Both the faux fur and the actual fur industries are pushing species towards extinction. And both are far from being ‘certified organic’.

At the end of the day, ethics become an individual decision made coat-by-coat. Ask yourself: which standards am I not prepared to waiver? What do you think is the most good and right?

The treatment of animals’ alone is a slightly frail argument – especially when a whale sucking up fragments of plastic at the other end of the production chain is not exactly ‘humane’.

We need to consider the entire line of production and, as consumers, demand to know more. Know the source, the farm, how companies dispose of their waste, where the clothing is made, and who makes the clothing.
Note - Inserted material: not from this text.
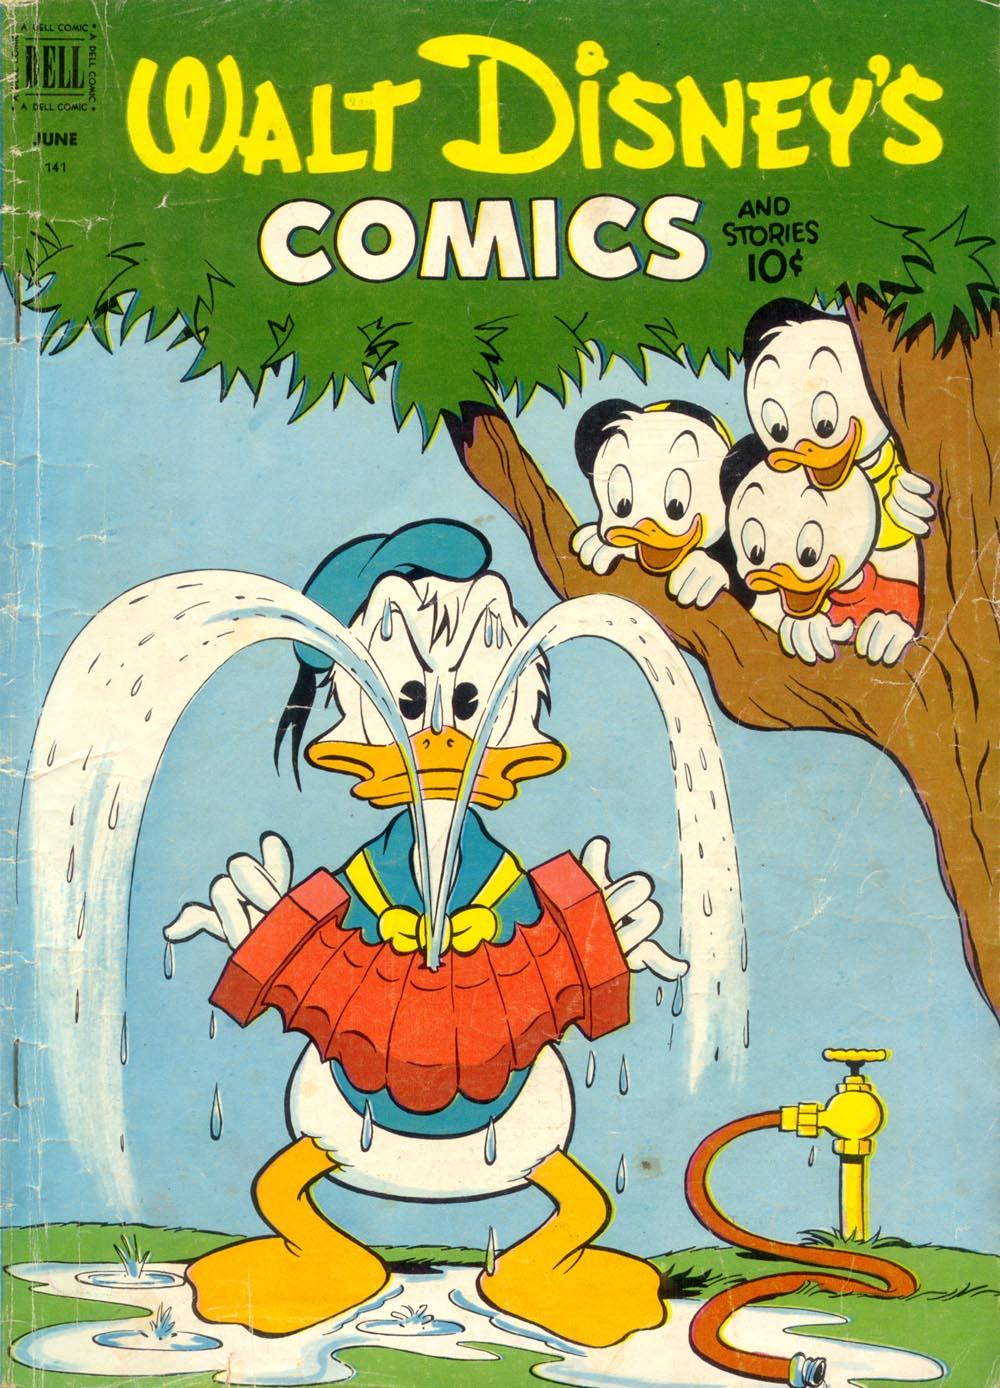 Walt Disneys Comics and Stories 141 Page 1

High-end labels don’t necessarily pay their seamstresses more, and while the person who made my coat is bound by a poverty cycle, whether or not the minx was entitled to a field and two grain-fed meals a day is hardly all that matters.

Though plastic freed us from the constraints of our own demand, the real, deeper problem still remains: Our insatiable appetite.

The shitty truth is, while we want the most from the least, nothing is ever going to be ethical. Something or someone will pay for the cost of production. The earth, the animal, the seamstress in a Bangladeshi factory working for below minimum wage. And while it’s not us, the buyer, we are happy to turn a cataract- concealed, glaucoma-encompassed blind eye.